The 2014 outbreak of Ebola virus in West Africa has the world on high alert. Currently deemed an international public health emergency by the World Health Organization (WHO), the virus has racked up more than 1,060 deaths and sickened 1,975 – making it the deadliest Ebola outbreak ever.
Here are 10 interesting facts you might not know about the virus and the current outbreak:
1. Ebola virus disease (EVD), identified in 1976, takes its name from one of the first villages to experience an outbreak—Yambuku, Democratic Republic of Congo, which is located near the Ebola River.
2. Ebola is spread initially from animals (most likely fruit bats), and then through human-to-human transmission– typically from blood, secretions, organs or other bodily fluids.
3. The current Ebola outbreak – which originated in Guinea and spread to Sierra Leone, Liberia and Nigeria – is difficult to contain because the disease is crossing national borders, and is spreading in more urban areas.

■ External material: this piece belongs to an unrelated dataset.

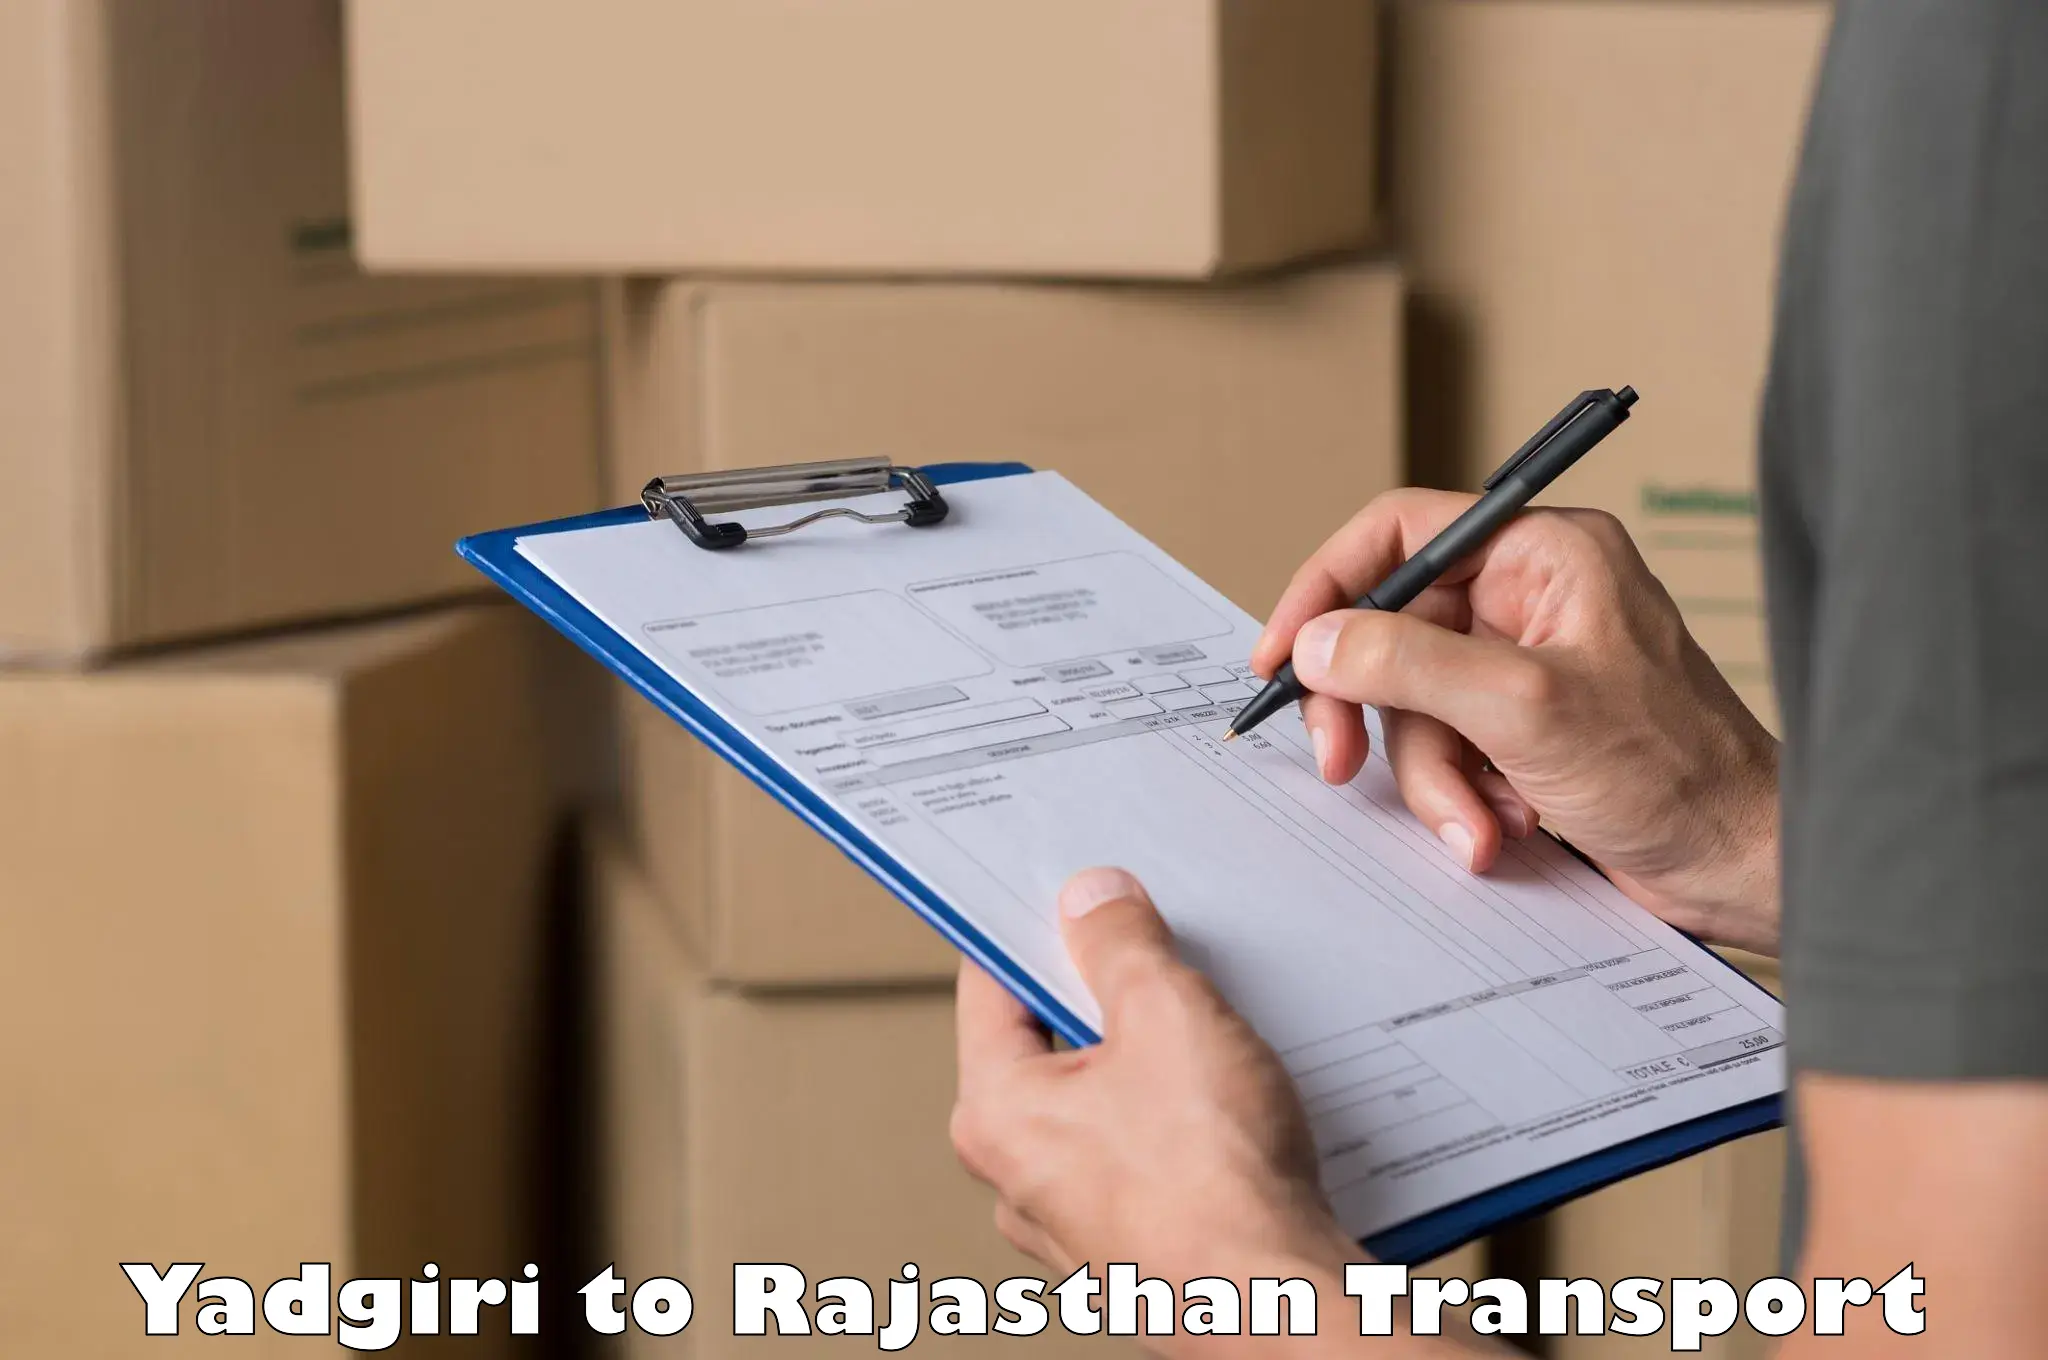 Material transport services Yadgiri to Kumbhalgarh

4. In 1989, Ebola-Reston, a non-lethal strain, broke out in the United States. The country’s introduction to the virus went relatively unknown until almost six years later, with the 1995 release of The Hot Zone.
5. Dr. Kent Brantly, a physician who contracted Ebola while treating sick patients in Africa’s current outbreak, was the first-ever Ebola patient to be brought into the United States from Africa for treatment. He was followed shortly after by a second patient, Nancy Writebol.
6. Brantly and Writebol were transported from Africa to Atlanta’s Emory University Hospital, which is considered to be one of the safest places in the world to treat someone with Ebola.7. There is no licensed vaccine or specific treatment for Ebola. In the current outbreak, Brantly, Writebol and Spanish missionary Miguel Parajes were given the experimental treatment ZMapp, which has never been tested in humans. While the Spanish missionary succumbed to the virus, Brantly and Writebol are reportedly improving.
8. ZMapp is a cocktail of specially engineered antibodies designed to target and inactivate the Ebola virus. The antibodies are produced in specially modified tobacco plants. The plants are harvested, ground up into a green liquid, purified and turned into tiny doses of the drug.9. The last known doses of ZMapp arrived in Liberia on Aug. 13. Liberian officials say they will give the treatment to three people with Ebola, probably to individuals who are younger, newly infected and more likely to respond to treatment.
10. Ebola is manageable – so most Americans need not worry about contracting the virus. Officials are confident that a large Ebola outbreak will not happen in the United States because developed countries have advanced prevention methods.